**Brief:**
Although the data holds pictures, return only the lines from the one containing "PackCase für Crestron DM-RMC-Scaler-S" to the end, exactly, and without them.
#### Recorded information ####
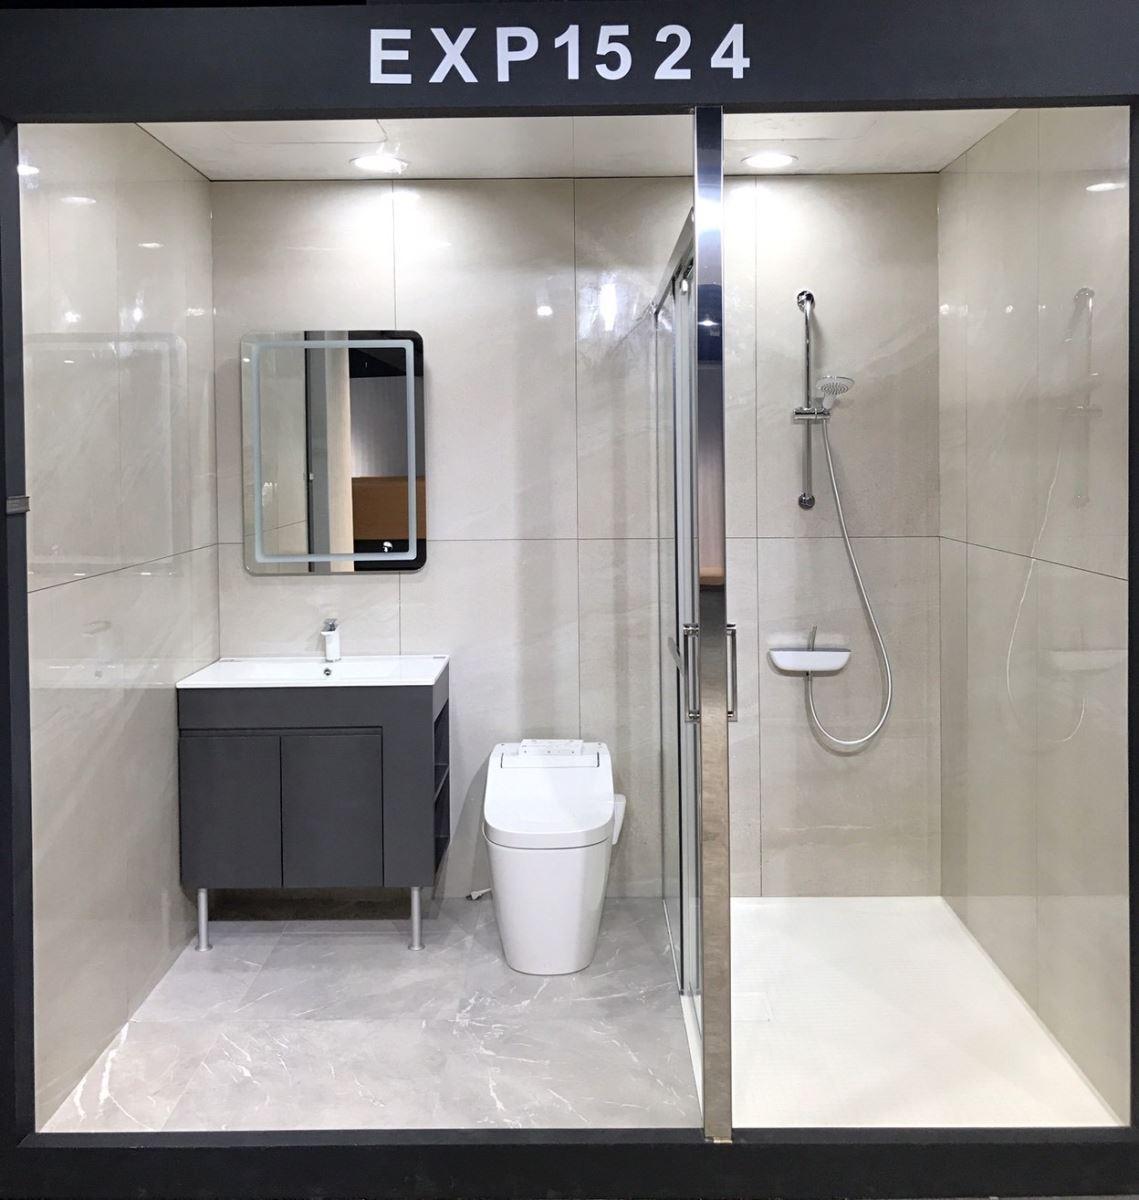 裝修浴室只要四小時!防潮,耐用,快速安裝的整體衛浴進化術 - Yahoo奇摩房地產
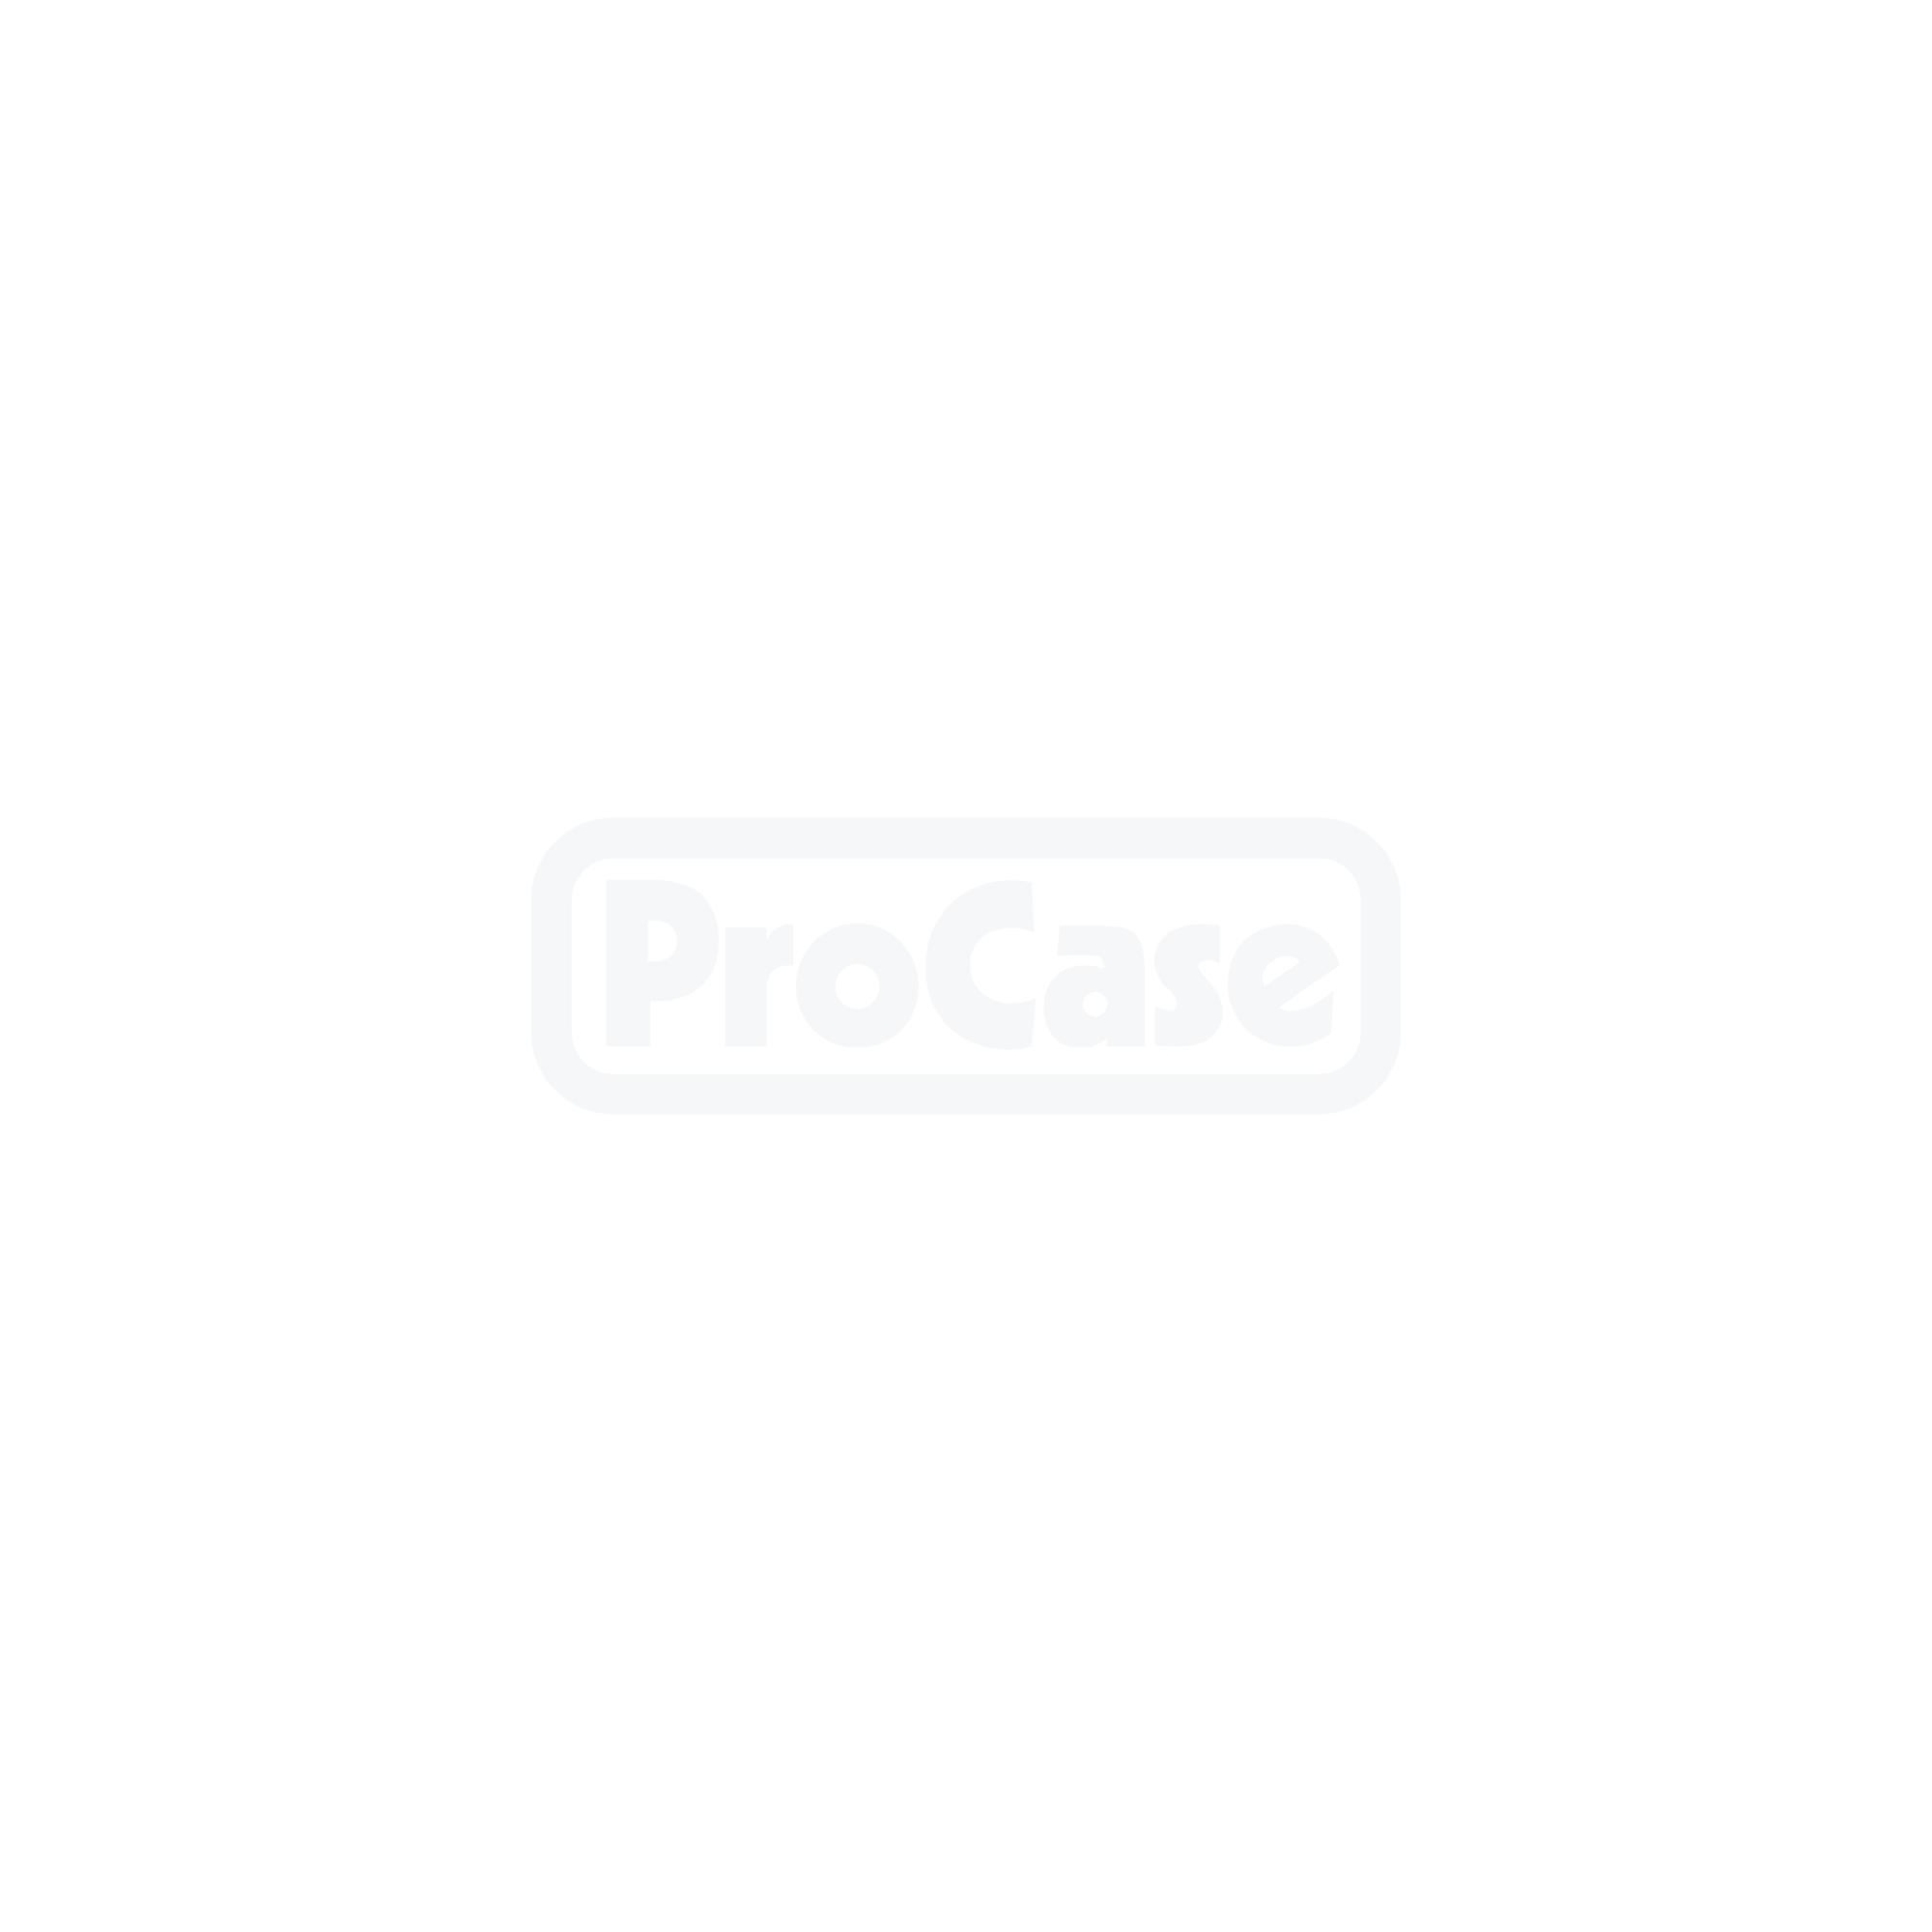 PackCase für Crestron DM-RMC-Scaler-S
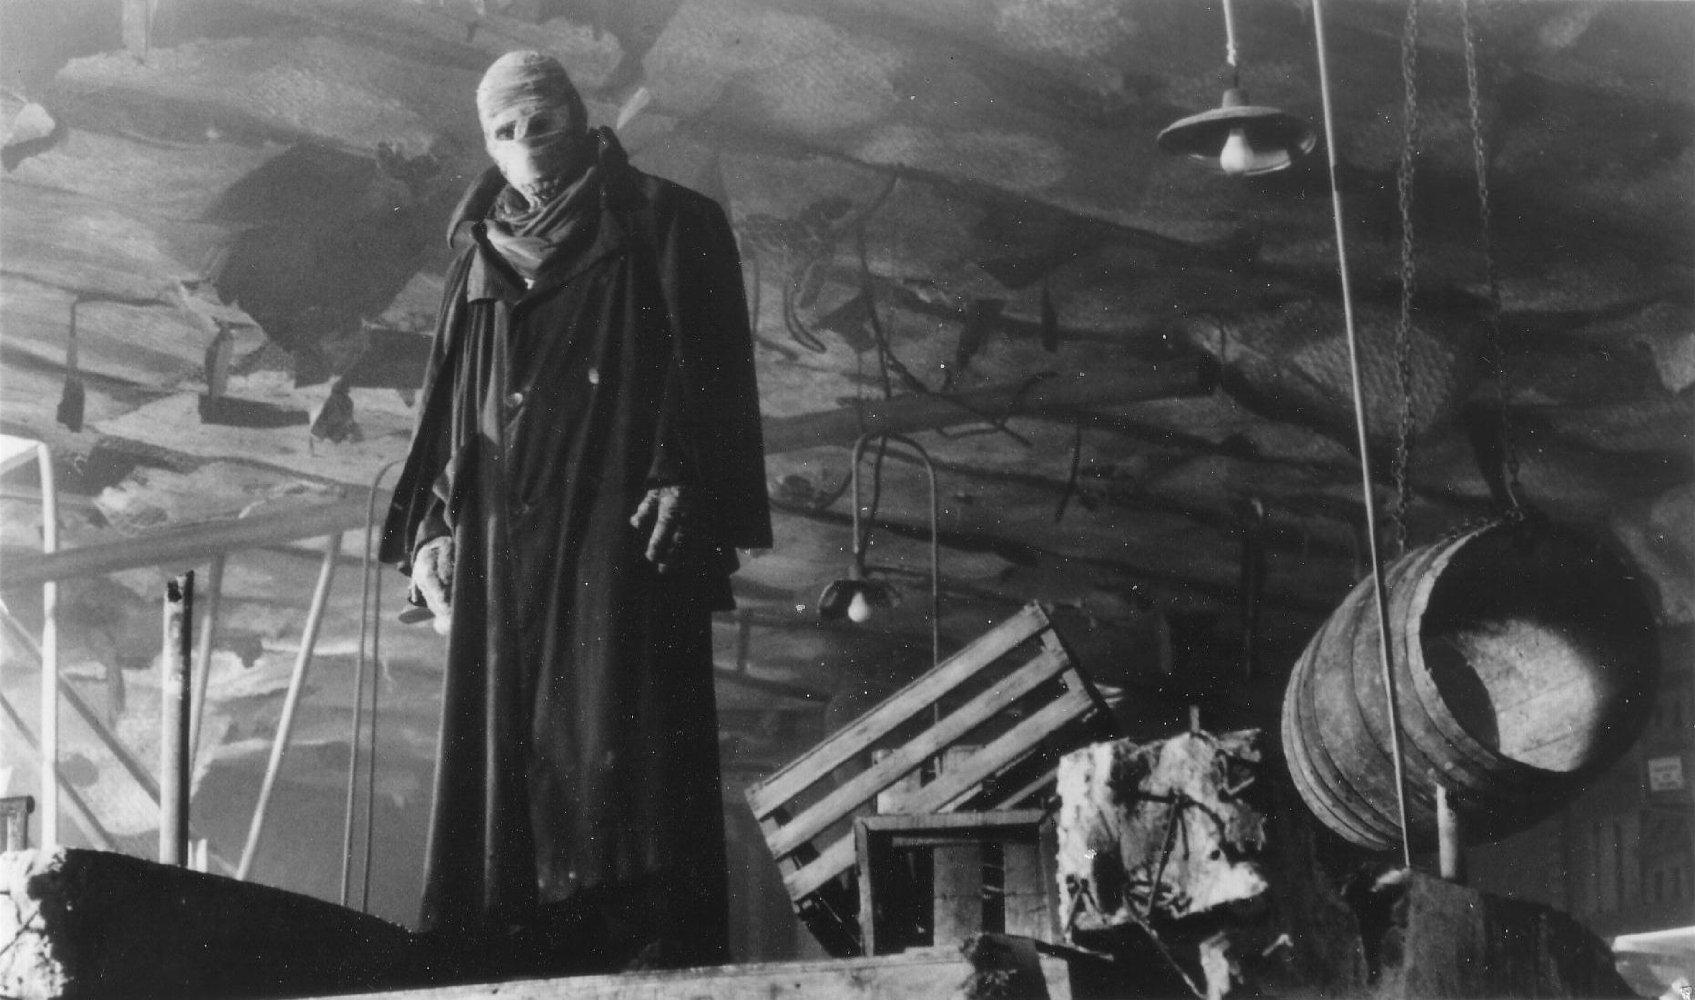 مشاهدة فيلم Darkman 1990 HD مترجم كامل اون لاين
####
**Answer to this exercise:**
 PackCase für Crestron DM-RMC-Scaler-S
 مشاهدة فيلم Darkman 1990 HD مترجم كامل اون لاين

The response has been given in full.